Pattaya’s a stay up late kind of town, but wake up earlier than most and there are activities galore to redress your daytime/nighttime balance. Hit the dive shops to explore the city’s offshore reefs and wrecks, or get some fresh air on world-class golf courses. And if you’re here with the family, the kids (and mum and dad), will find plenty to do to make it a real holiday. The town’s wicked essence remains defiantly intact, but around the fringes it’s softening and becoming more inclusive. If you welcome it with a dash of confidence and a pinch of adventure, Pattaya’s sun-kissed pursuit of happiness might prove irresistible.
US GIs kick-started Pattaya’s dramatic transformation from quiet fishing village into throbbing tourist Mecca when they ventured down the coast in search of fun and frolics from their base in Nakhon Ratchasima. That was 1959. During the Vietnam War, the flow becomes a flood as troops on leave arrived to soak up Pattaya’s cocktail of sun, sand and sex. Package – and sex – tourists followed, and Southeastern Thailand’s golden goose grew fat on the seemingly bottomless pot of dollars pouring into the local economy.
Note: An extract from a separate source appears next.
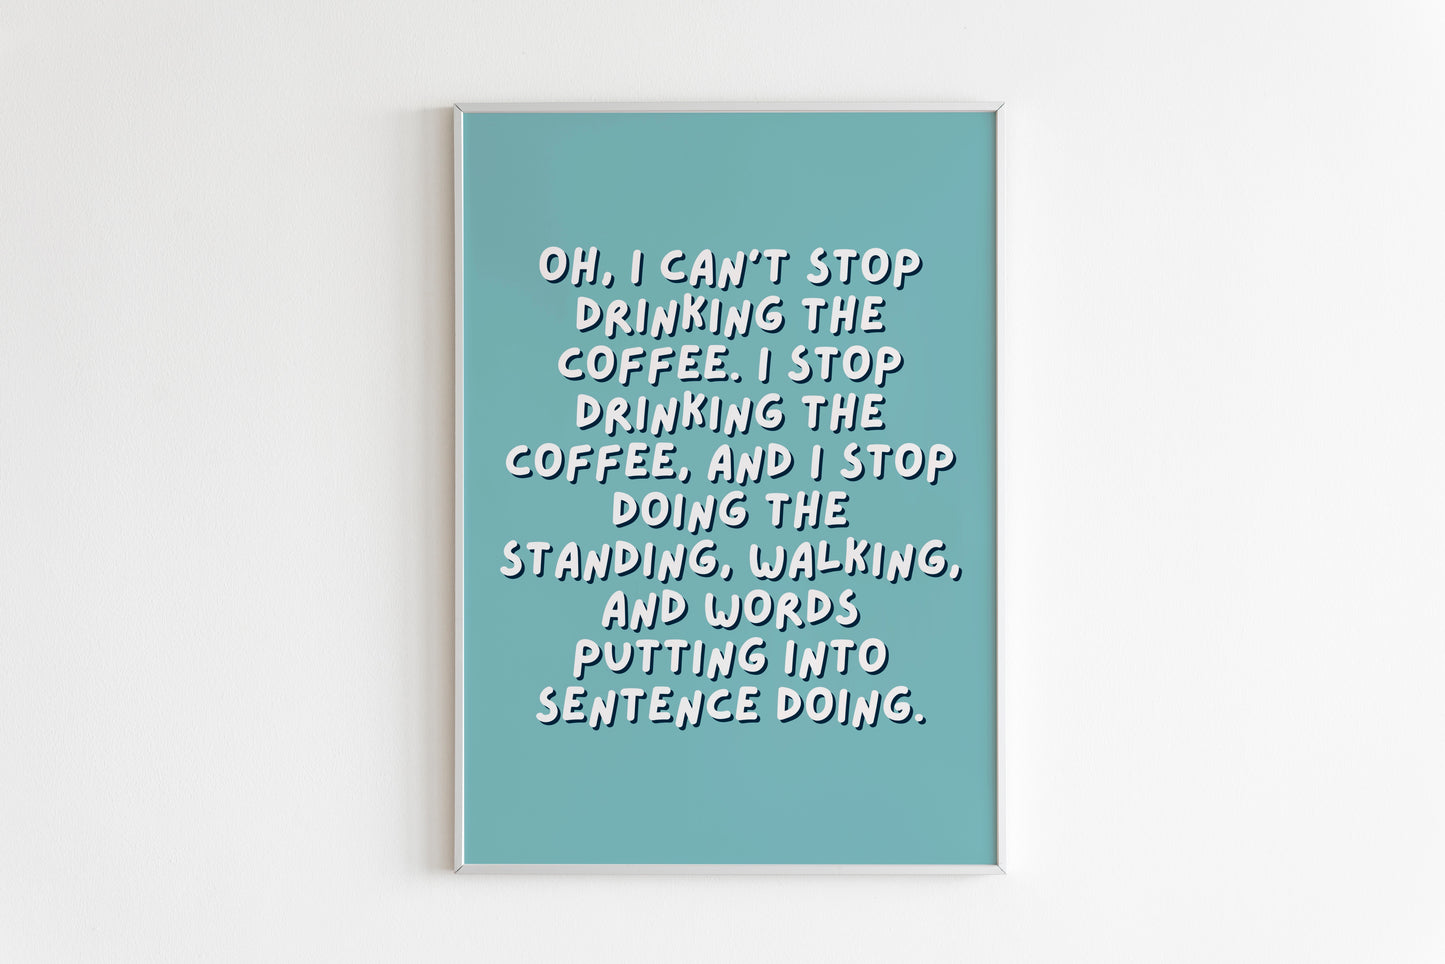 I Can't Stop Drinking The Coffee Quote Print (Lorelai Gilmore - Gilmore Girls)

More recently Pattaya is striving to re-position itself as a ‘family-friendly’ destination, and while the grit, glitz and seedy glamour remain, the ‘town that sex built’ is now offering more attractions that won’t have the kids asking awkward questions.
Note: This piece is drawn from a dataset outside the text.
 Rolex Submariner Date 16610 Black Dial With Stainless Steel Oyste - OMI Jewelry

Curving around Ao Pattaya (Pattaya Bay), Hat Pattaya (Pattaya Beach) is the city’s showcase stretch of sand. Th Hat Pattaya (known colloquially as Beach Rd) runs along the waterfront and is lined with hotels, shopping centres and, towards the north, go-go bars. At the southern end of Th Hat Pattaya, ‘Walking St’ is a semi-pedestrianised jumble of restaurants and nightclubs. The alleyways running between Th Hat Pattaya and Th Pattaya 2 each have their own character: Soi 13 is filled with pleasant, midrange hotels while Soi 3 is the heart of the gay area, dubbed ‘Boyztown’. Development is ongoing, and at the time of writing the third street back from the beach, Th Pattaya 3, was awash with the construction of new hotels, bars and restaurants. If you’re after a tad more tranquility then head to Hat Jomtien, a 6km stretch of attractive beach and cleaner water, 5km south of Hat Pattaya. Hat Naklua, a smaller beach 1km north of Pattaya, is also quiet.